## [THE TASK]
Produce as output only the lines below starting at the line with "夏はやっぱりコレだ スイカを器用に食べるゴリラ テレ朝news" and continuing through the line with "Symboles d'icône de", each one exactly as written.

## [INPUT DATA]
┌──
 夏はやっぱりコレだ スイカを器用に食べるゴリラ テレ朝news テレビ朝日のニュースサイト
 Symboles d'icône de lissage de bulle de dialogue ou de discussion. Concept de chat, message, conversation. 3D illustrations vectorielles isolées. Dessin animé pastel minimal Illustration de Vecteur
└──
┌──
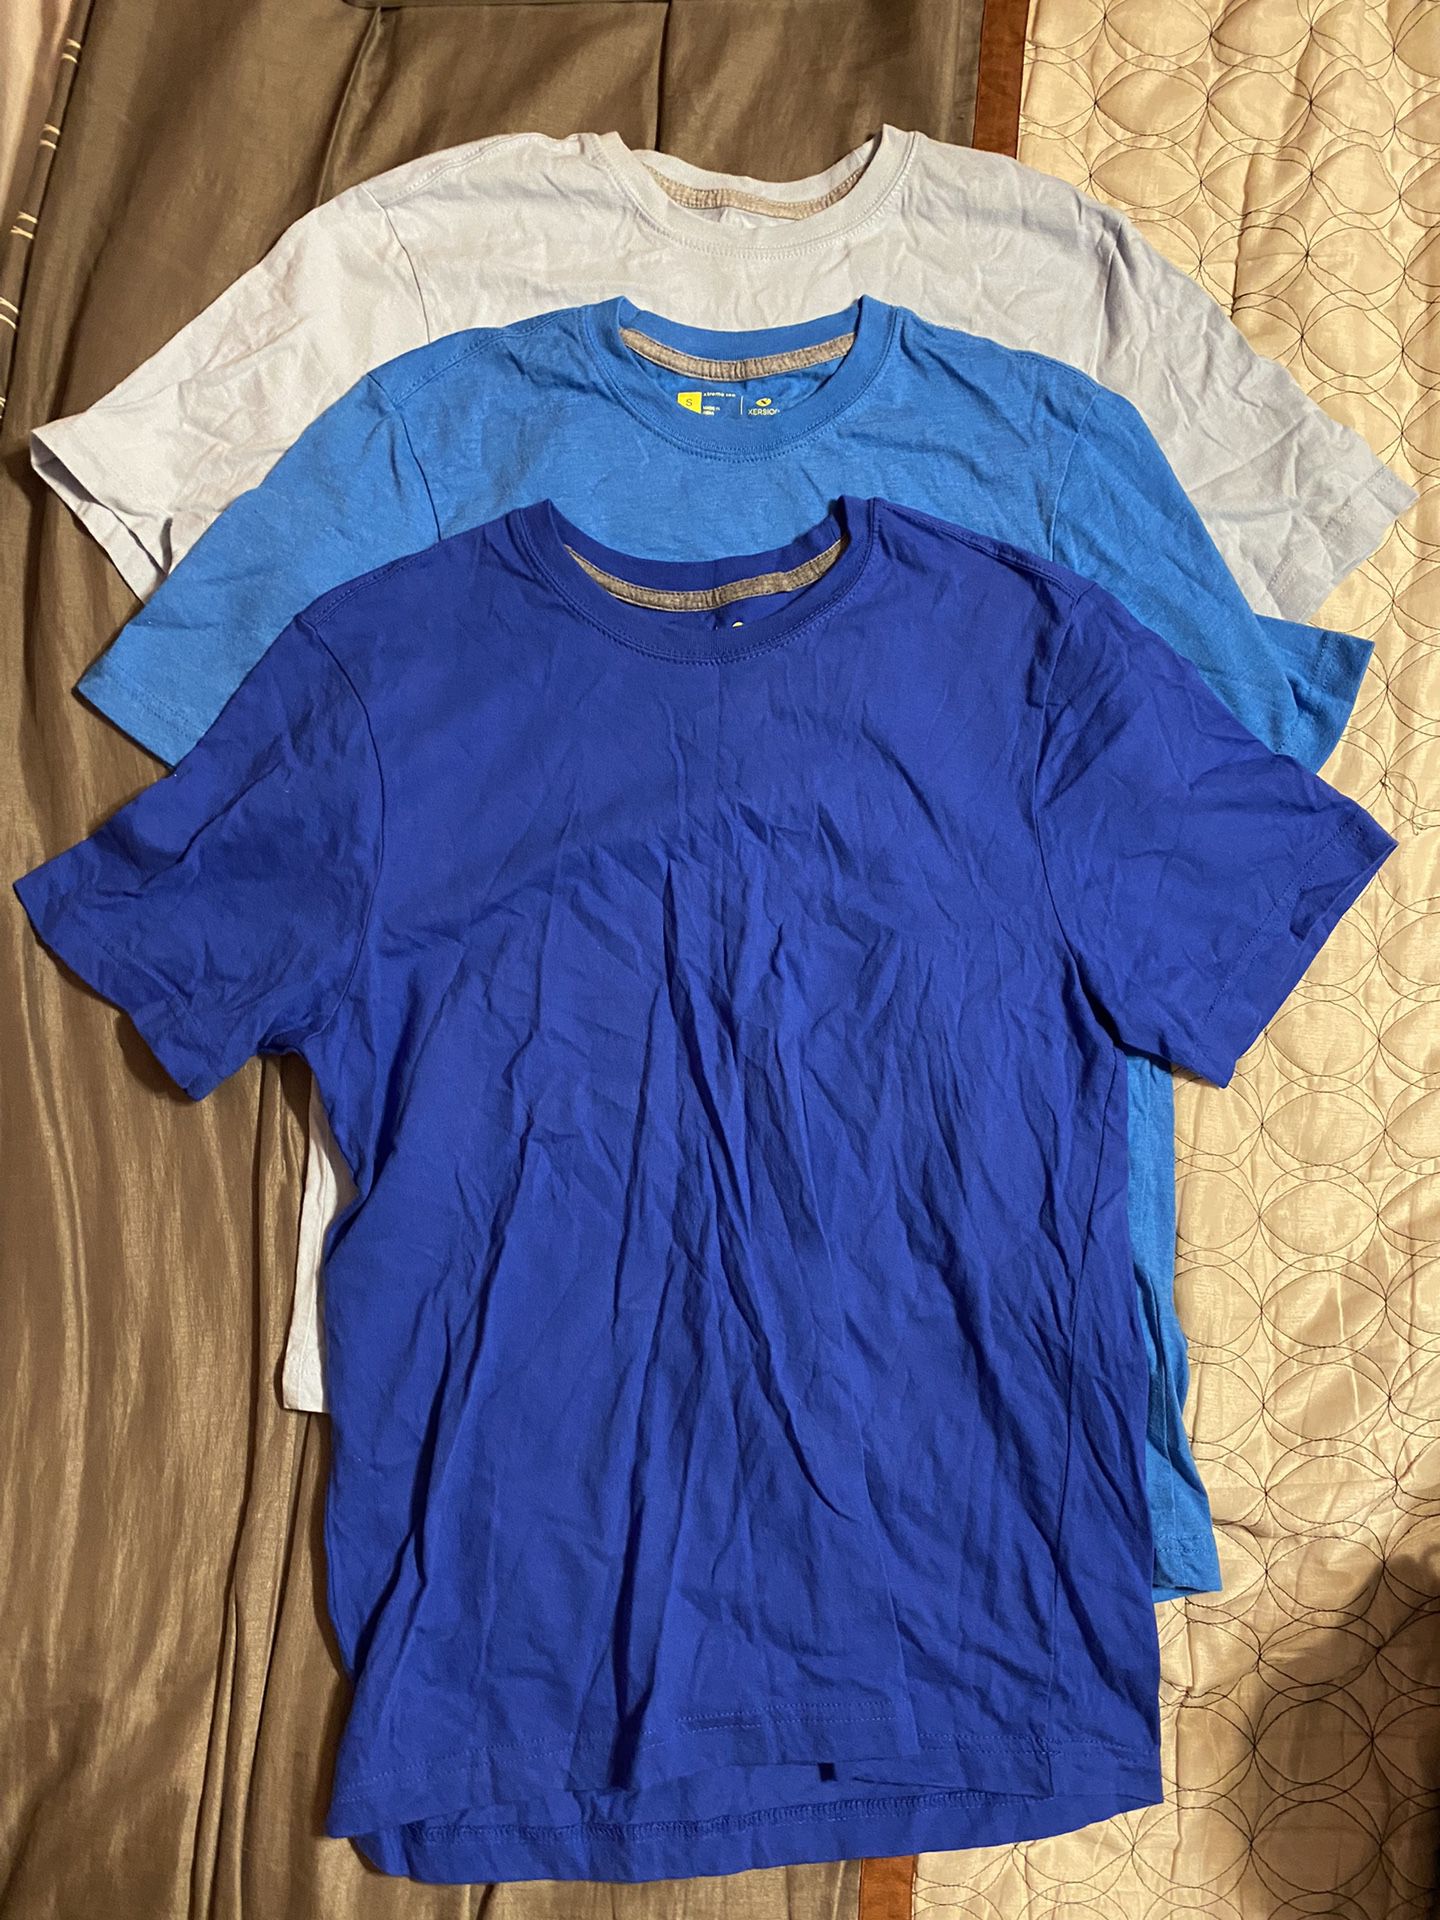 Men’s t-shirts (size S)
└──
## [EXERCISE RESPONSE]
 夏はやっぱりコレだ スイカを器用に食べるゴリラ テレ朝news テレビ朝日のニュースサイト
 Symboles d'icône de lissage de bulle de dialogue ou de discussion. Concept de chat, message, conversation. 3D illustrations vectorielles isolées. Dessin animé pastel minimal Illustration de Vecteur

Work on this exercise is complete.